Of all the performers, though, one act stood out above the rest. Calling themselves D-Squared and hailing from Mayer, Ariz., a little village about halfway between Phoenix and Flagstaff, the players seemed to care more about their music than about promoting their shtick, which is rare at a conference designed for shameless self-promotion.
One of the husband/wife teams, D-Squared is Don Charles and Deb Gessner, both songwriters of distinction and originality and gifted and talented instrumentalists. Charles mostly plays a capoed guitar in particular tunings but strums a mandola and banjo as well. Gessner plucks a full-size harp and plays the concertina and accordion, too. His voice is a well-worn baritone, with a hint of Iowa folk singer Greg Brown’s phrasing but not his persistent overearnestness. Her voice is angelic and reaching, matching the soft and fluttering tone of the harp with ease. Their voices blend but balance each other, creating a unique sound from song to song, both in harmony and apart.
Not only do they write incredibly deep and provocative lyrical songs with familiar yet distinct melodies, but they also include instrumental pieces with striking tonal interplay, interpreting folk melodies and old songs with fresh originality.
Did I mention that I really like these guys? I haven’t even gotten to the part about spending hours in conversation with the couple at the FARM Gathering, discussing philosophy, ranching, farming, water rights, and land management in the American West; dry heat vs. Midwestern humidity; and even some musical ideas. Later that week they came and spent the night at our house while traveling between gigs in Iowa and Indiana.
That’s another fascinating aspect of the couple’s existence: They live on the road a good part of the year. Deb books tours — such as a recent run up through Wyoming and Montana, then over and down through the Northwest and California and back to Arizona — and stay at campgrounds when convenient, sleeping in their van. With Yippy the dog as their lone companion, these modern-day troubadours live as musical nomads, combining contemporary methods with age-old style.
Suffice it to say, they are the real thing — out playing music because they love to, want to and need to and because they can.
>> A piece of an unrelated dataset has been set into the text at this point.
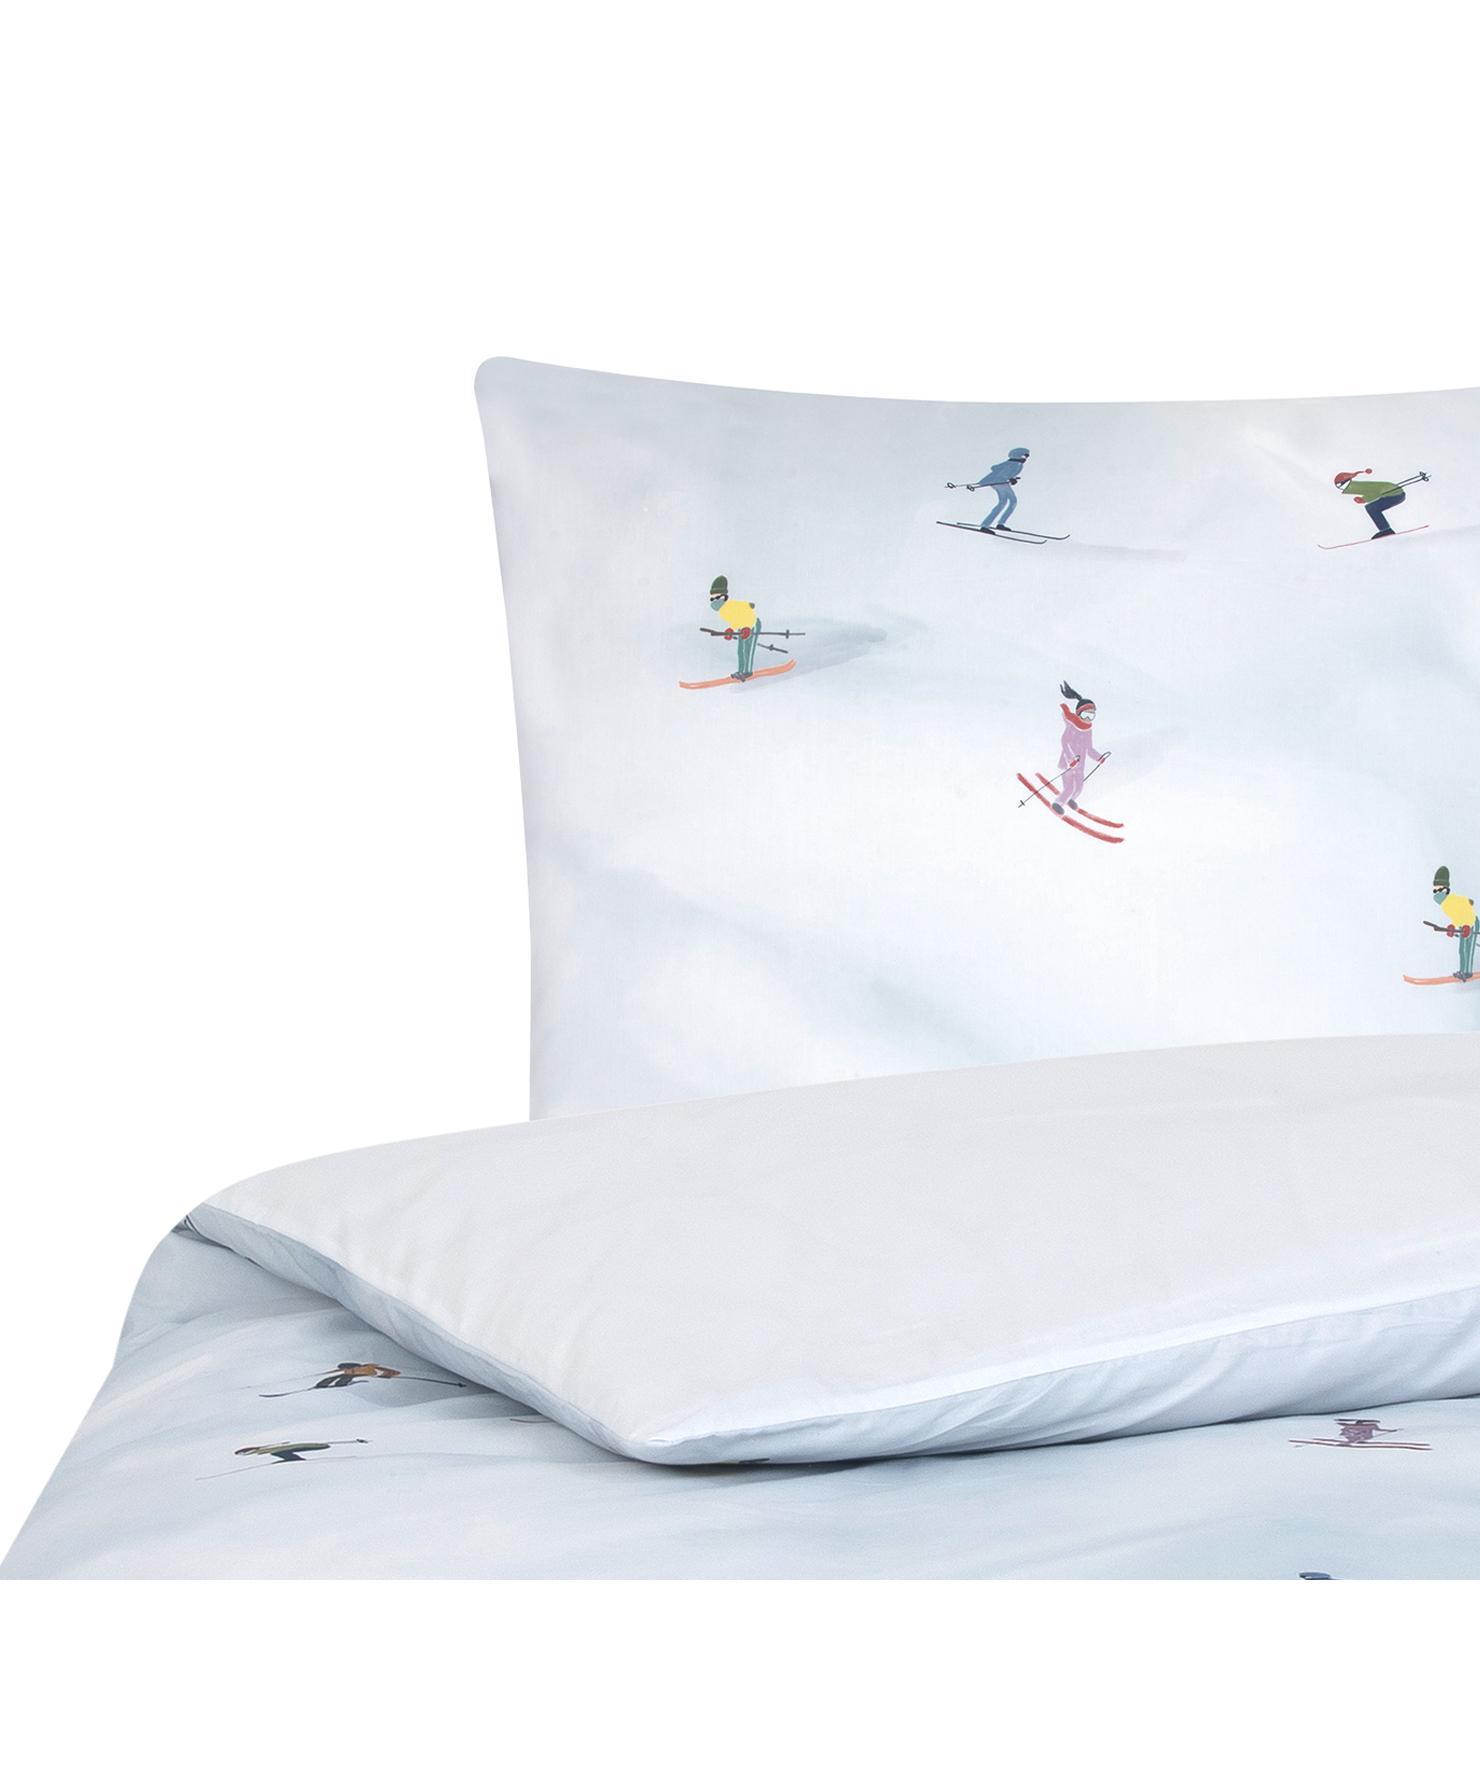 Designer Baumwollperkal-Bettwäsche Ski von Kera Till, Webart: Perkal, Weiß, Mehrfarbig, 135 x 200 cm + 1 Kissen 80 x 80 cm

Honor them with a listen as they stop in Springfield for a show while passing back through this way from Ohio, heading to Missouri, Kansas, and Colorado before returning home to Arizona.
From Harps and chords: D-Squared Performs Wednesday at Trout Lily Café, October 18, 2007
Folk on the Fringe Review
Remember the feeling when Christmas morning finally arrives and you pick up your present from under the tree, hoping with all your heart for a box of chocolates, but expecting to find more handerchiefs? You gently remove the ribbon and set the card aside not wishing to rush into the expected let down, only to find not one, but two, boxes of chocolates. Wrapping your lips around the rich dark coating you find centres of delight. Tastes beyond your hopes explode on your tongue as you bite into one after another.
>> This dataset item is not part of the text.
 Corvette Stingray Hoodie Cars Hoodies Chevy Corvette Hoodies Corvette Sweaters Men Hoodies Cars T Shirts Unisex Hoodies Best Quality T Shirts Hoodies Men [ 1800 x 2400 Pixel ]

This was my experience when I opened a parcel with a US stamp on it that arrived yesterday. Thank you, thank you, thank you for the chocolates hidden within matter of life & death and Big Sky Full O’ Dumb Stars. I will savour them even more as I share them with my listeners over the coming weeks, months and years.
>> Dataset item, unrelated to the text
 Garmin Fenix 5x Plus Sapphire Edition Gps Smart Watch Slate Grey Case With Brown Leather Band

PS: They’ve recently announced that dark chocolate is good for your heart. Surely your music must be the proof.
Phil Young, Presenter, Folk On The Fringe 3MDR, Melbourne, Australia
Folk Harp Journal Review by Jo Morrison
I am always on the lookout for people who are doing something different and innovative on the harp, and I think D Squared has discovered a whole new breadth of expression for the instrument. Deb Gessner’s harp interweaves gracefully with Don Charles’ guitar and vocals to create a new sound on the face of the singer-songwriter scene. The result is a stark and hypnotic landscape of sound, deftly drawing the picture of the great Southwest, their home. In their music, this duo from Arizona has chosen to tackle tough issues and the meaning of it all. The result is well worth checking out.
Their first release, matter of life & death, has an earthy feel, as if freshly dug from the parched soil. The CD opens with a highly-percussive, almost a capella song titled “Rain” which paints a picture of a rainstorm through the sounds of the congas, the harp and the vocals themselves. From this start, we proceed through a series of songs about such diverse subjects as the lottery, use of public lands (the great outdoors), baking bread and relationships. There’s a nice song about how we are tied to the earth, “The Wind in the Willow,” which features a delightful trade-off of lines between the guitar and the harp. Besides all these original songs, there is also a traditional Appalachian track, “Tater Patch/Little Red Rockin’ Chair,” which gives the impression of a gentle lullaby by the way the tunes are slowed down and backed by the harp in this arrangement.
My favorite things on this recording are the instrumentals. Almost tone poems, they delicately paint a picture of the subject matter through music. “When the Monsoons Finally Came” gives the textures and sounds of rain arriving in the parched Southwest. In “Whirlybird” we get the image of maple seeds spinning down from the trees, over and over again. My very favorite is titled “Aaron Dreams of Bees,” a musical story of a small boy busy gathering pollen with the bees. This waltz has just the right timbre, with the harp taking the lead with a slightly Slavic sound, backed by concertina, mandola and clarinet. It’s a merry-go-round of the joy of investigation.
Big Sky Full o’ Dumb Stars continues where the first recording left off. Featuring original songs that explore the sometimes bizarre, sometimes intense environment of what we call life, D Squared manages to capture the humor as well as the joy and the pain. Their love of music shines through on this recording.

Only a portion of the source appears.